OpenHackNYC gave me an excuse to start playing with the Yahoo Query Language. With YQL, you build a binding to datasource, an XML table or other web service, and use an “expressive SQL-like language” to manipulate the data. Instant database functionality with minimal overhead.
The Heilbrunn Timeline of Art History has these great individual timelines of key art/world events. The timelines are classified by time period and geographically with an encompasses free text string, e.g. Eastern Europe and Scandinavia, 1600–1800 A.D. encompasses “Belarus, Denmark, Estonia, Finland, Iceland, Latvia, Lithuania, Norway, western Russia, Sweden, and Ukraine.”
I’d like to point to all of the related timelines for an arbitrary work of art – provided it has an associated geographical term and date range. I scraped all of the timeline links, titles, dates, and encompasses strings, formatted all the data in an XML table, made a simple binding, and rigged a pipe front-end.

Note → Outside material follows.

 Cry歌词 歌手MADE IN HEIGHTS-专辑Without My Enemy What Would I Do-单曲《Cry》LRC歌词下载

USE "https://netfiles.uiuc.edu/pdadamcz/www/museumpipes/yql/Timelines.xml" AS Timelines; SELECT * FROM Timelines Try it in the YQL console.
YQL / Timelines Pipe
USE "https://netfiles.uiuc.edu/pdadamcz/www/museumpipes/yql/Timelines.xml" AS Timelines; SELECT title, link FROM Timelines where encompasses like "%Poland%" and datebegin > 1000 and dateend < 2000 Try it in the YQL console.

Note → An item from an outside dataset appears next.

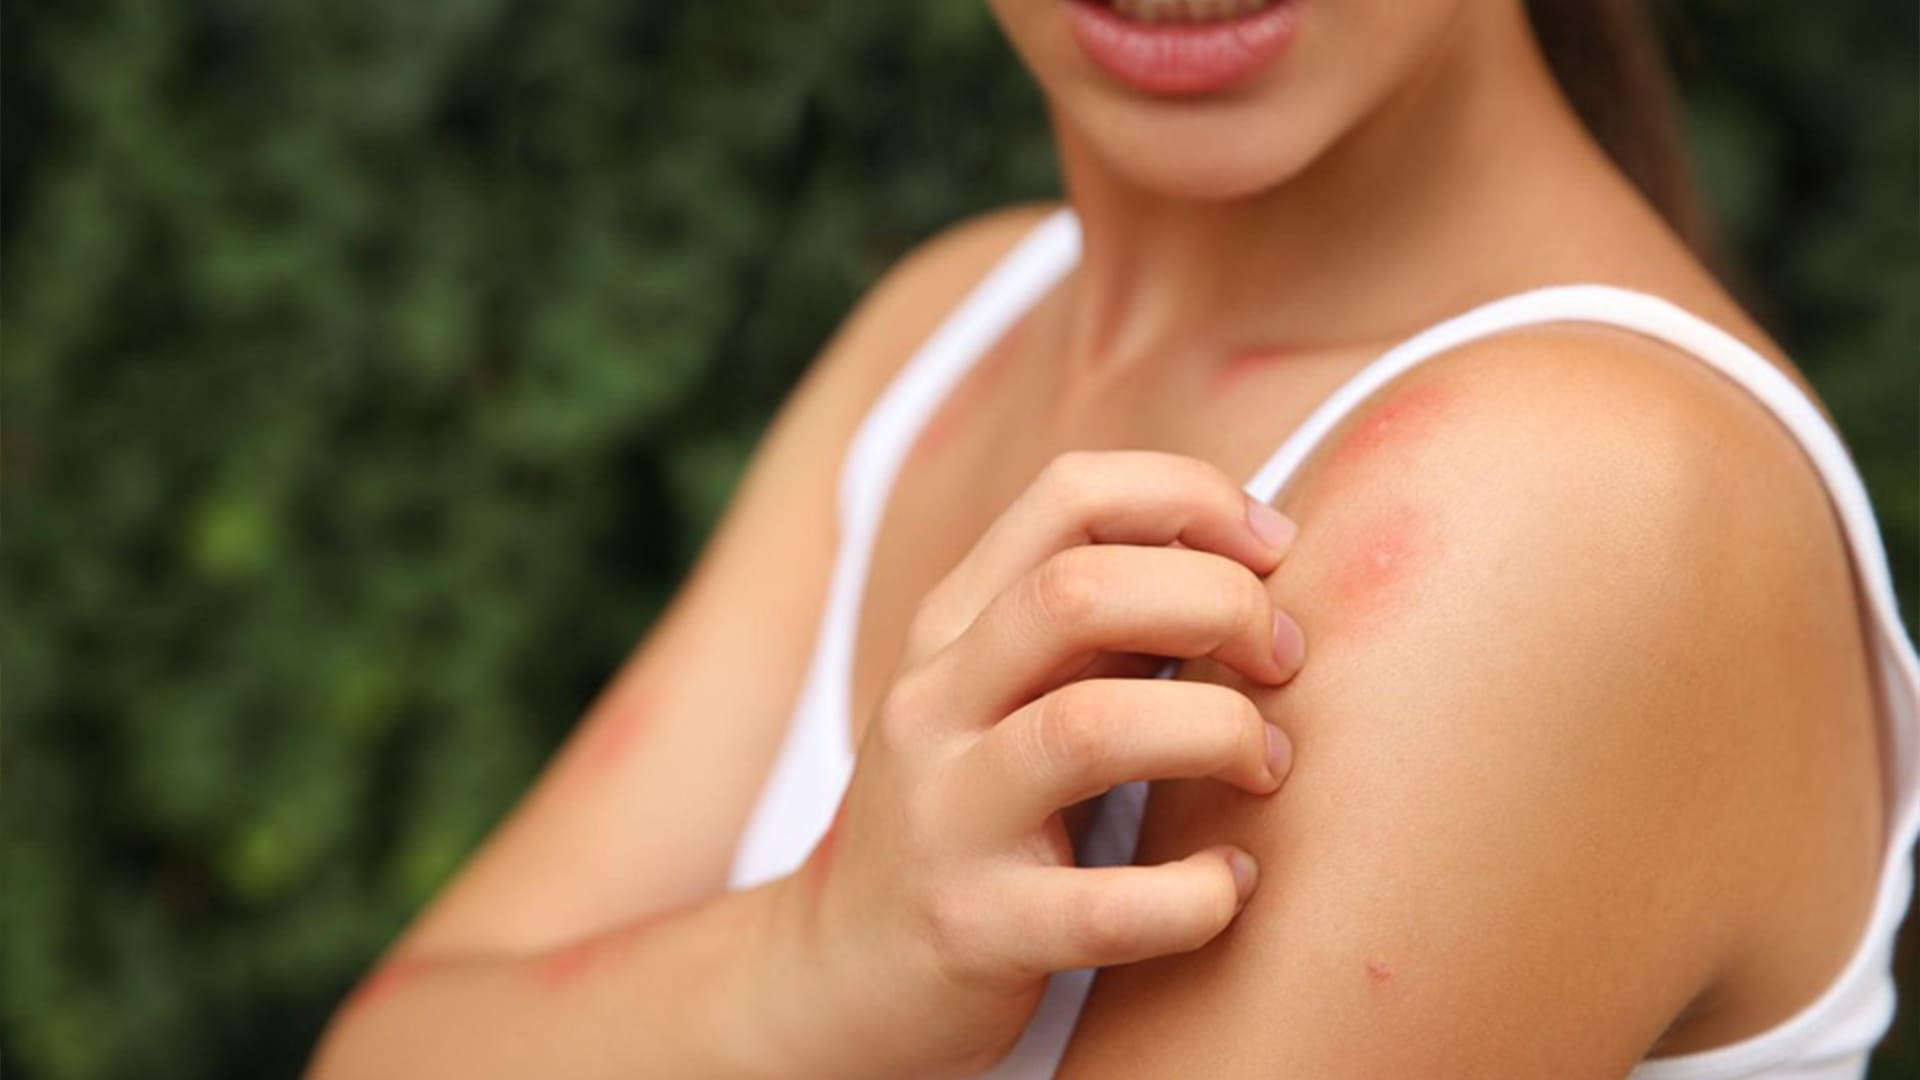 6 Home Remedies For Itchy Mosquito Bites

//TODO: The entire vocabulary of the encompasses strings isn’t exhaustive – understandably. But maybe I can pass the query from the pipe through a geo service to find neighbor terms and send them all through the YQL statement?
Another feature that could be helpful is a display of relative size. ArtsConnectEd has a solid implementation (for example – scroll down to the details, and click the Scale tab). The Met provides dimensions (in a number of formats, grumble) but does not present any cues as to the relative size of the work. So when comparing works with similar aspect ratios like Kensett’s Lake George and Homer’s Prisoners from the Front, it would be easy to assume that the works are similar in size.

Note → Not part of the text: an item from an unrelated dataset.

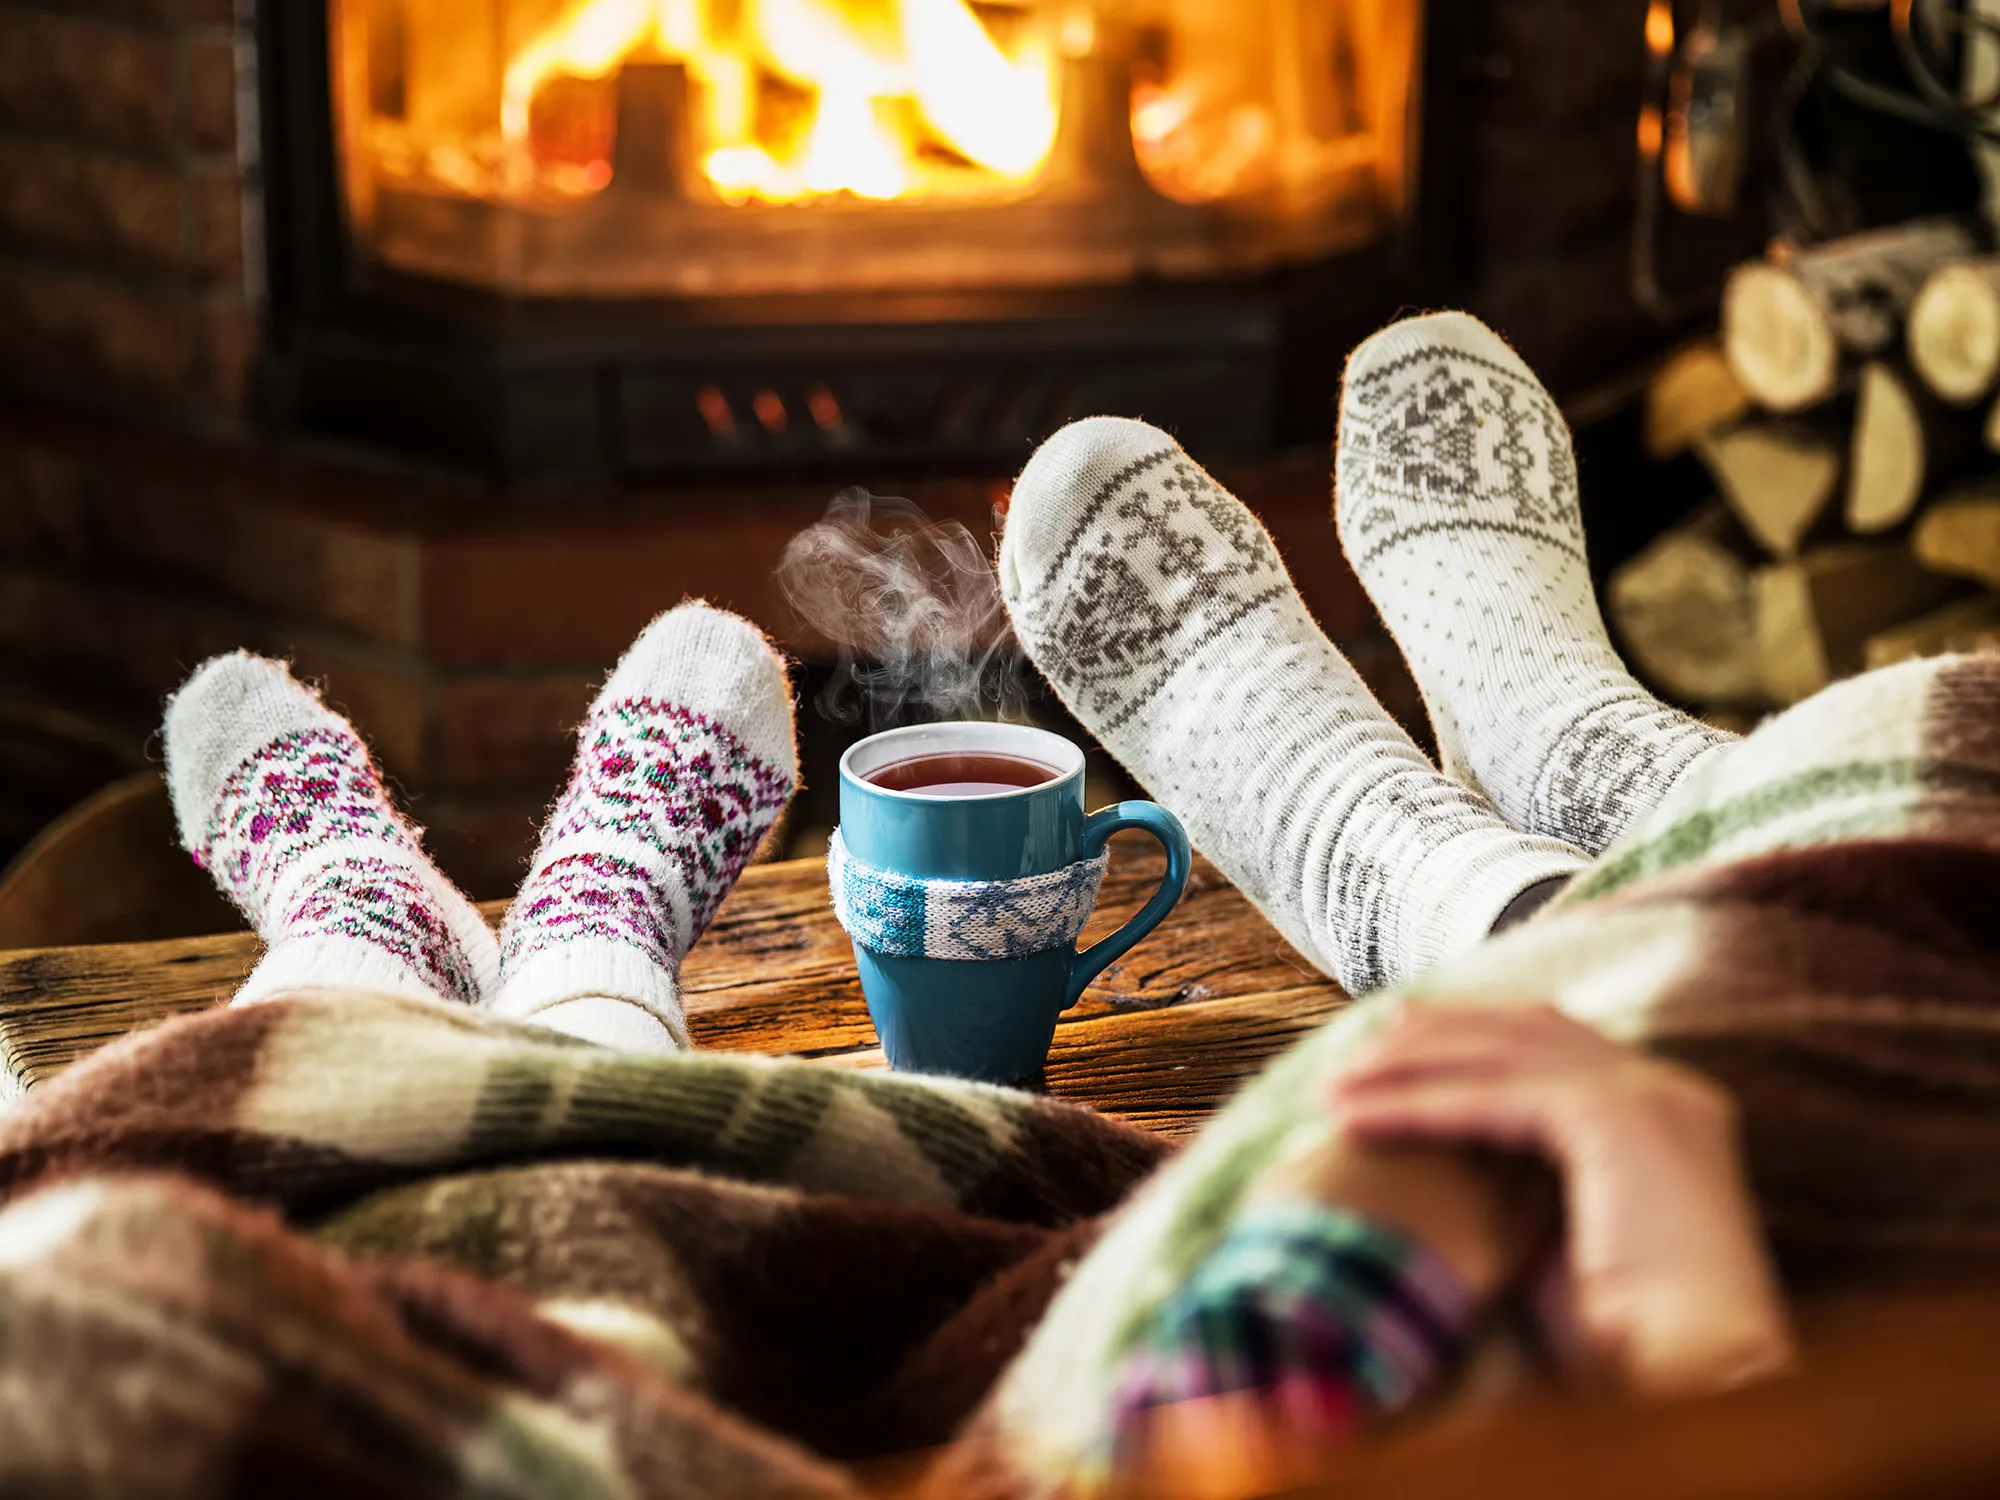 Hygge: Embracing Coziness and Well-Being

Parsing the tombstone gave me width and height in centimeters. Note, I’m only handling dimensions formatted as (ABC x XYZ cm) like those in American Paintings and Modern. WolframAlpha gave me an average human height, 162 cm. And AIGA has all of the classic Symbol Signs available… I set 1 pixel = 1 cm so things wouldn’t get too large. The only sneaky bit was using Google Charts to draw the scaled rectangle for the work of art, just a bar chart with width and height set to the dimensions of the work.
//TODO: Extend to other dimension formats. Handle 3D works. And for smaller works, coffee or martini?
The V&A just released a great beta of their collection search. I really like the jQuery Wall they’ve provided for browsing the collection – it’s an (apparently) infinite canvas of objects from the V&A collection with a movable viewport. The SFMOMA ArtScope does something similar, but I imagine the Wall could be a bit more flexible and maybe a bit quicker loading once some of the interaction lag gets ironed out (maybe some added visual interaction cues as well?). Looking at these reminded me of two tools that help in making tilesets of large images for use with Google Maps.
I collected the enlarged images of the 100 Modern department highlights (these are width limited to 500px with a variable height), made a 10 x 10 contact sheet in Photoshop, and had the Image Cutter break down the resulting 5,000 x 8,000 pixel image. Allowing for zooming down to level 7 on the Google Map took 5,461 256 x 256 pixel tiles.
I combined the automatically generated Image Cutter Google Maps code with a few functions to load markers from an XML file. I collected the URL for each highlight with a quick processing sketch. It took some trial and error to figure out how to place the first few markers but the uniform spacing helped once reference points were set.
This simple Google Maps solution isn’t nearly as dynamic as either the V&A Wall or the SFMOMA ArtScope, but I like how it has the potential to move quickly between giving a broad overview of the collection, to showing details-on-demand, and then providing multiple detail or high resolution images all in a single interface.
//TODO: Polygon overlays could be used instead of markers to make an entire collection object clickable. More information could be added to the tooltips – I was having trouble with special characters in XML CDATA.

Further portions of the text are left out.